Online fingerprinting, like third-party cookies, is a concern for online privacy. Browser fingerprints include detailed information about a user’s habits and can track users’ behavior and information for months — even if the user clears cache.

As more companies are banning third-party cookies, fingerprinting is becoming more popular. Data brokers increasingly use fingerprinting to gather information to sell to advertisers, marketers, and others.

Fingerprinting can benefit users. For example, banks and sites that need high security, such as health insurance portals, use fingerprinting to detect fraud. When someone is trying to log in to our bank account from a device, web browser, or time zone, different from the user’s typical ones, the bank can block the login and alert the user.

Used ethically, a fingerprint can also be used to make a user’s interaction with a website better and more personalized.

Can Users Avoid Being Fingerprinted?

A 2020 study by the University of Iowa, Mozilla, and the University of California, Davis, found that 10% of the top 100,000 websites and more than 25% of the top 10,000 websites use fingerprinting.

Can You avoid being fingerprinted? Yes and no.

Unlike cookies, clearing cache or using incognito mode doesn’t prevent fingerprinting or eliminate an existing fingerprint. Ad blockers don’t prevent fingerprinting either.

Because fingerprinting happens in the background, the user can’t modify the data sent to the fingerprinting website. Actually, the user can, but this requires technical knowledge and can also leave a unique trail of information that can be used to identify the user.

There are anti-fingerprinting plug-ins and other ways to try and prevent or modify fingerprints. Some companies do support anti-fingerprinting practices. Mozilla Firefox already blocks fingerprinting as well as third-party cookies. Safari blocks fingerprinting by default. Chrome stated it will work to restrict fingerprinting in 2019, but has been quiet since. A few third-party anti-fingerprint extensions are available for Chrome users.

To prevent fingerprinting, users can use third-party extensions and/or make device modifications. Still, not having any scripts running or using blocking apps leaves a trail of collectible information, especially with newer fingerprinting methods or even behavioral biometrics, that can distinguish a user by monitoring how the keyboard is used.
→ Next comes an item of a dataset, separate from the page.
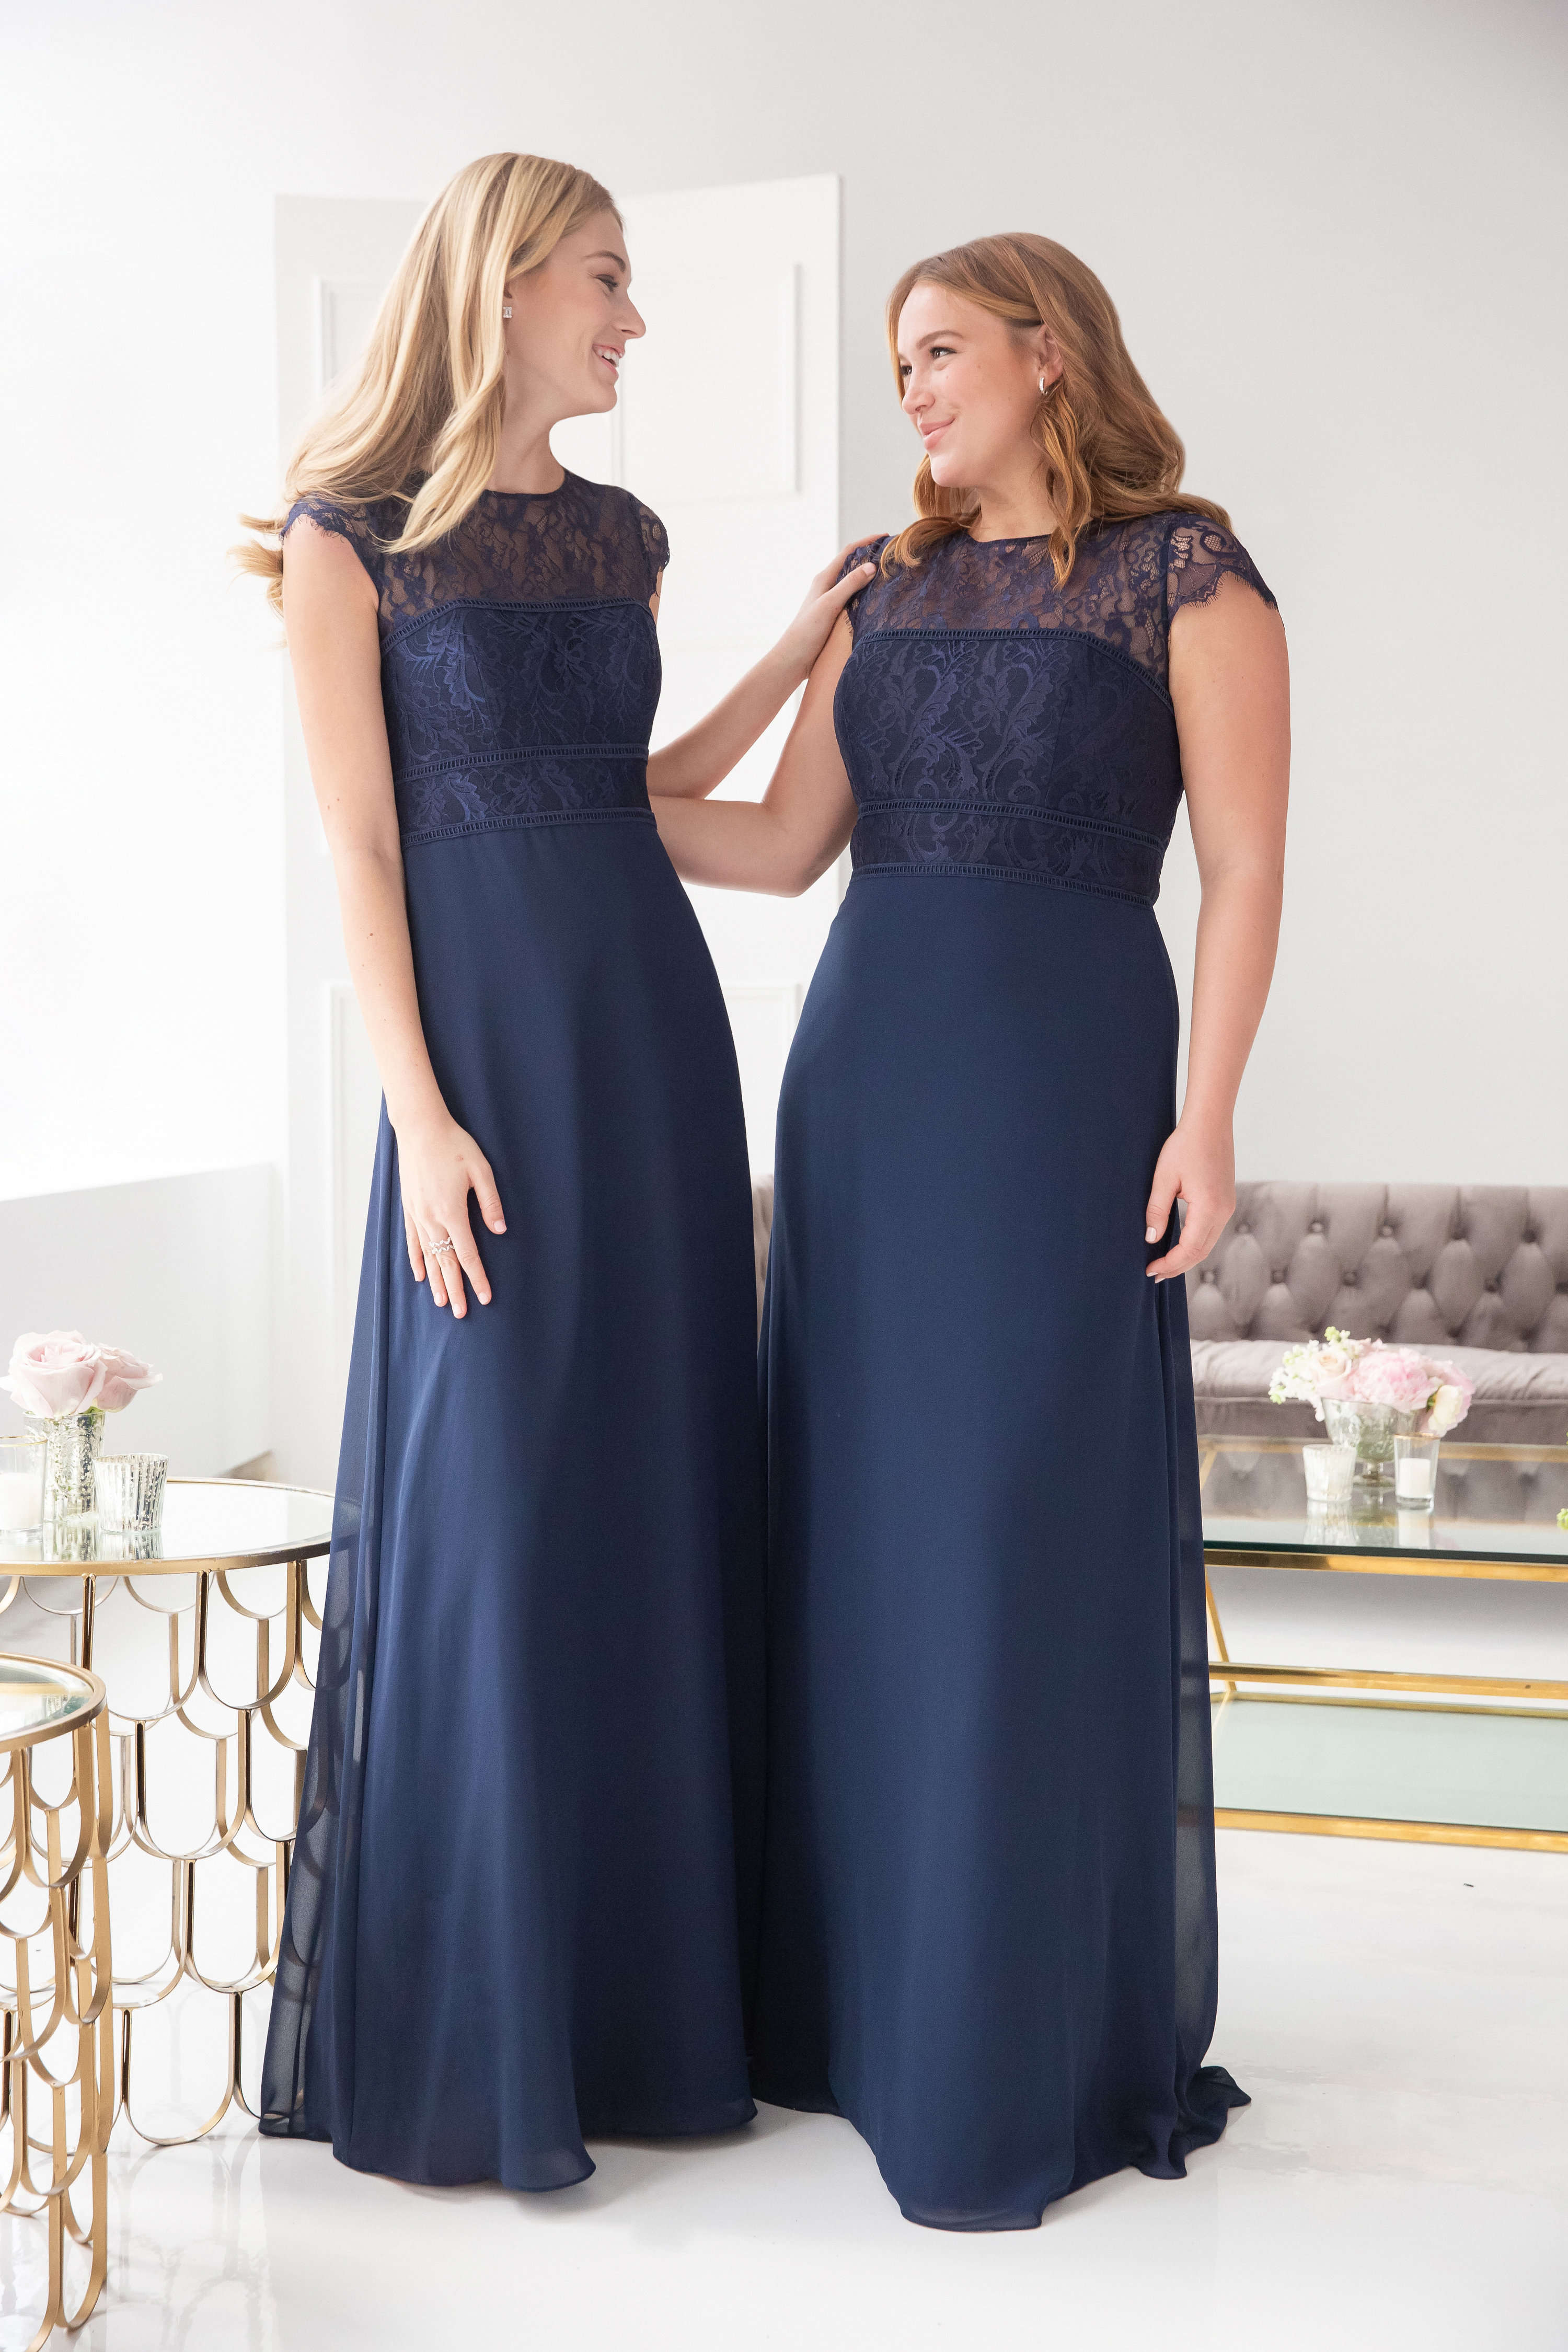 bridesmaid gown design

So yes, users can take measures or choose certain browsers to try and prevent fingerprinting. But there’s no guarantee fingerprinting won’t still take place.
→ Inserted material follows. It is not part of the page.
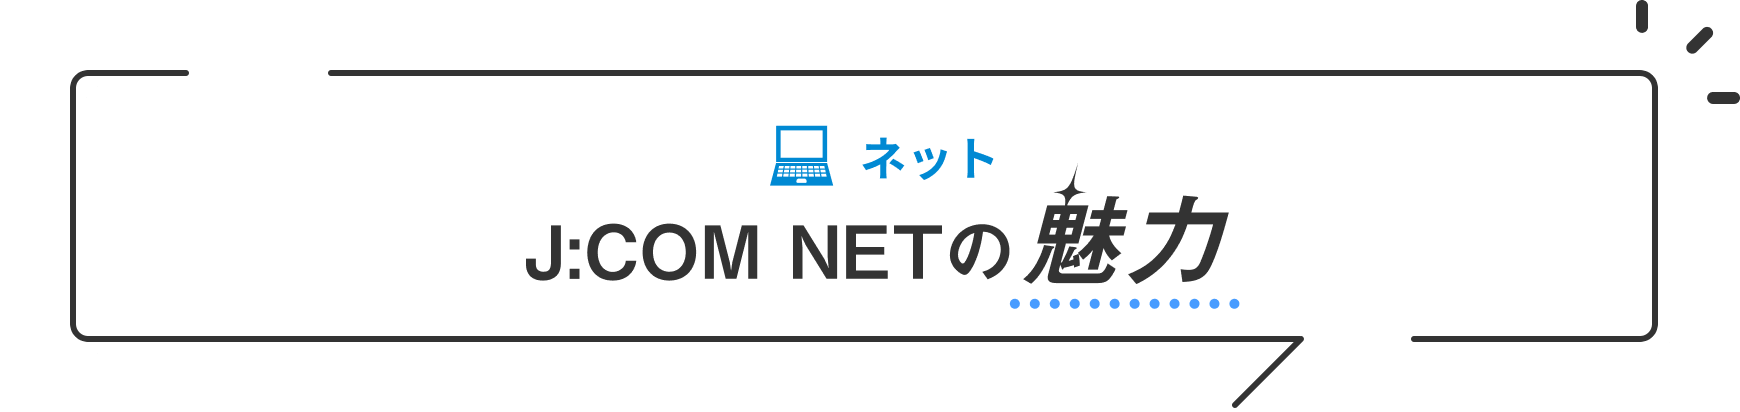 ネット J:COM NETの魅力

What Does Fingerprinting Mean for Paid Advertising?

The paid advertising industry could use browser fingerprints for all the same purposes as it uses third-party cookies. Whether advertisers are doing so or not today is unknown.

Some believe though, that as third-party cookies disappear, the use of fingerprinting or a newer variation will become more common for paid advertisers.
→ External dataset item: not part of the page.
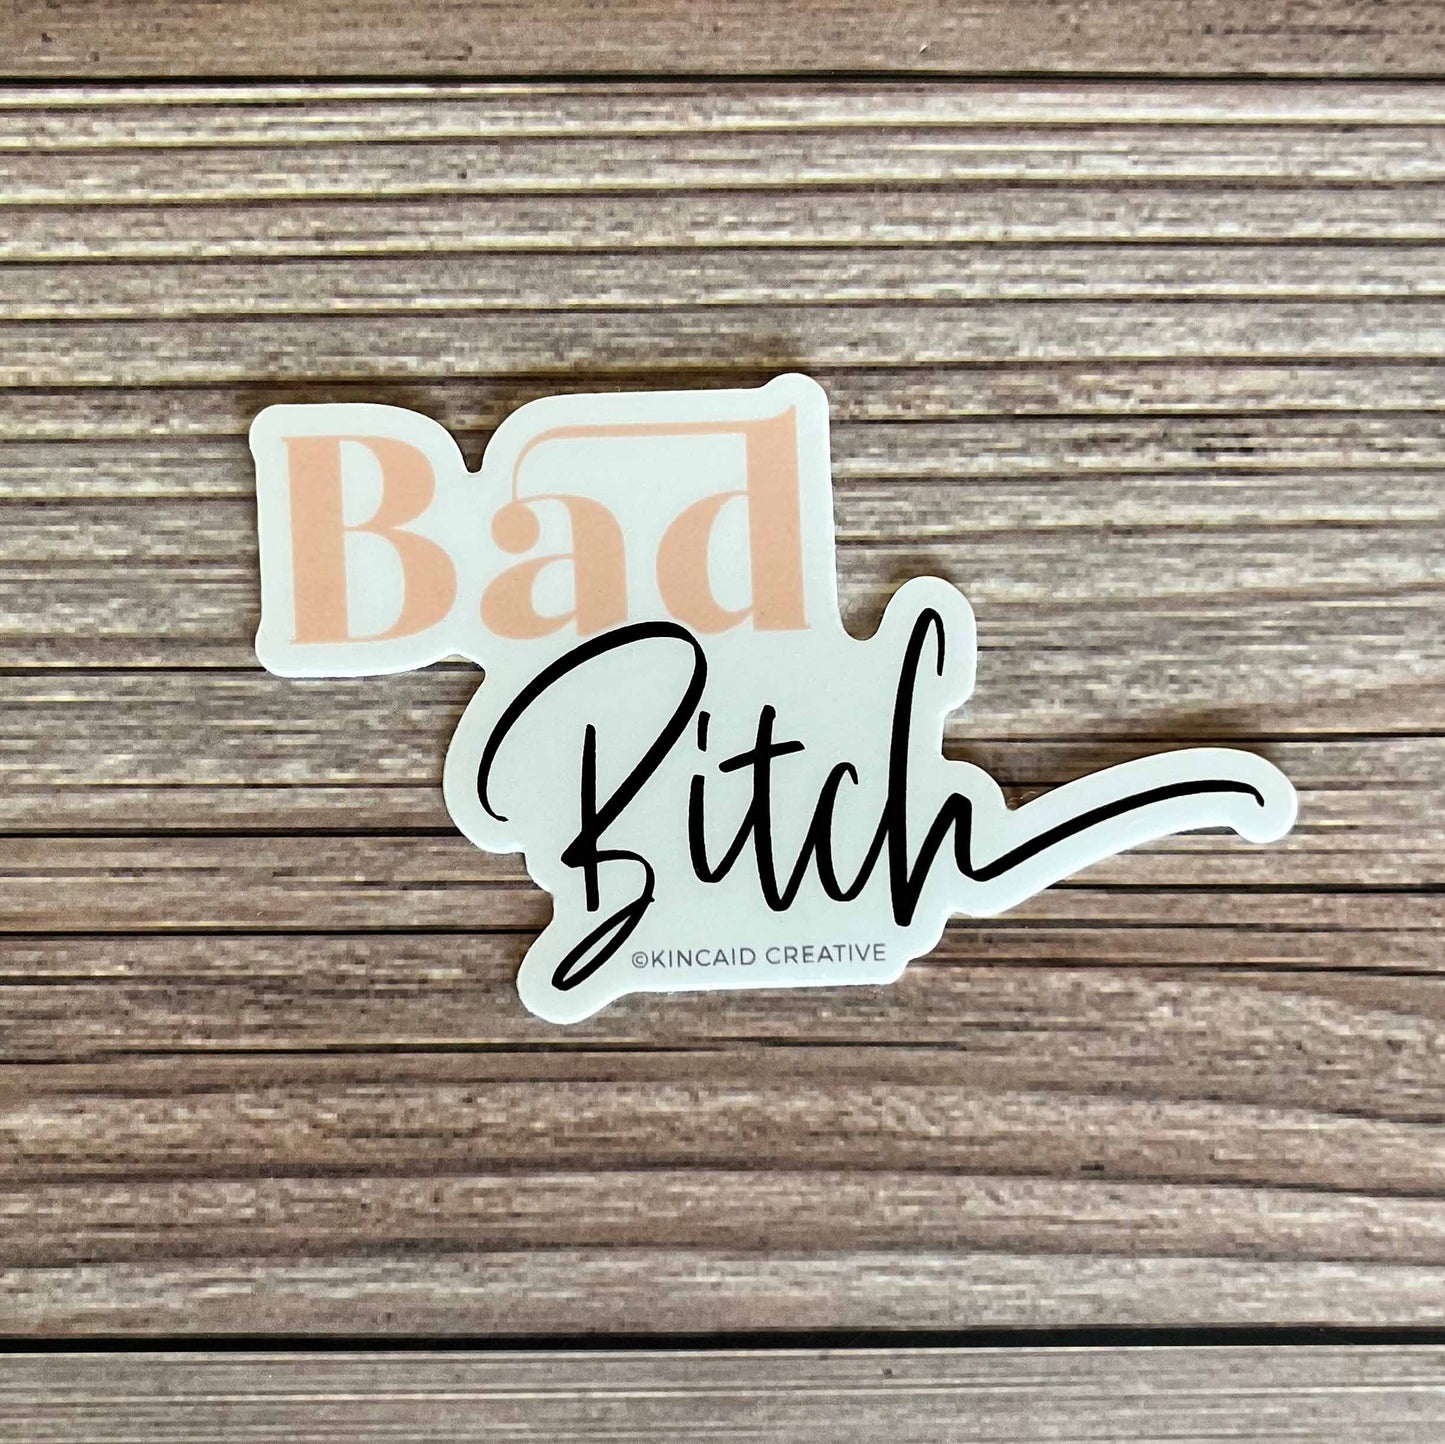 Bad Bitch. Vinyl Sticker.

In my opinion, the upcoming years will be very interesting for the paid advertising industry. Companies, unable to adapt to a world without cookies may not survive. But the widespread distaste for invasive tracking, including from Google, may curtail significant adoption for fingerprinting or even lead to regulations.

It remains to be seen whether Google’s federated learning of cohorts (FLoC) or other future solutions from its Privacy Sandbox will suffice for the industry’s needs. So how much more common browser fingerprinting becomes or if it falls further out of favor is yet to be determined.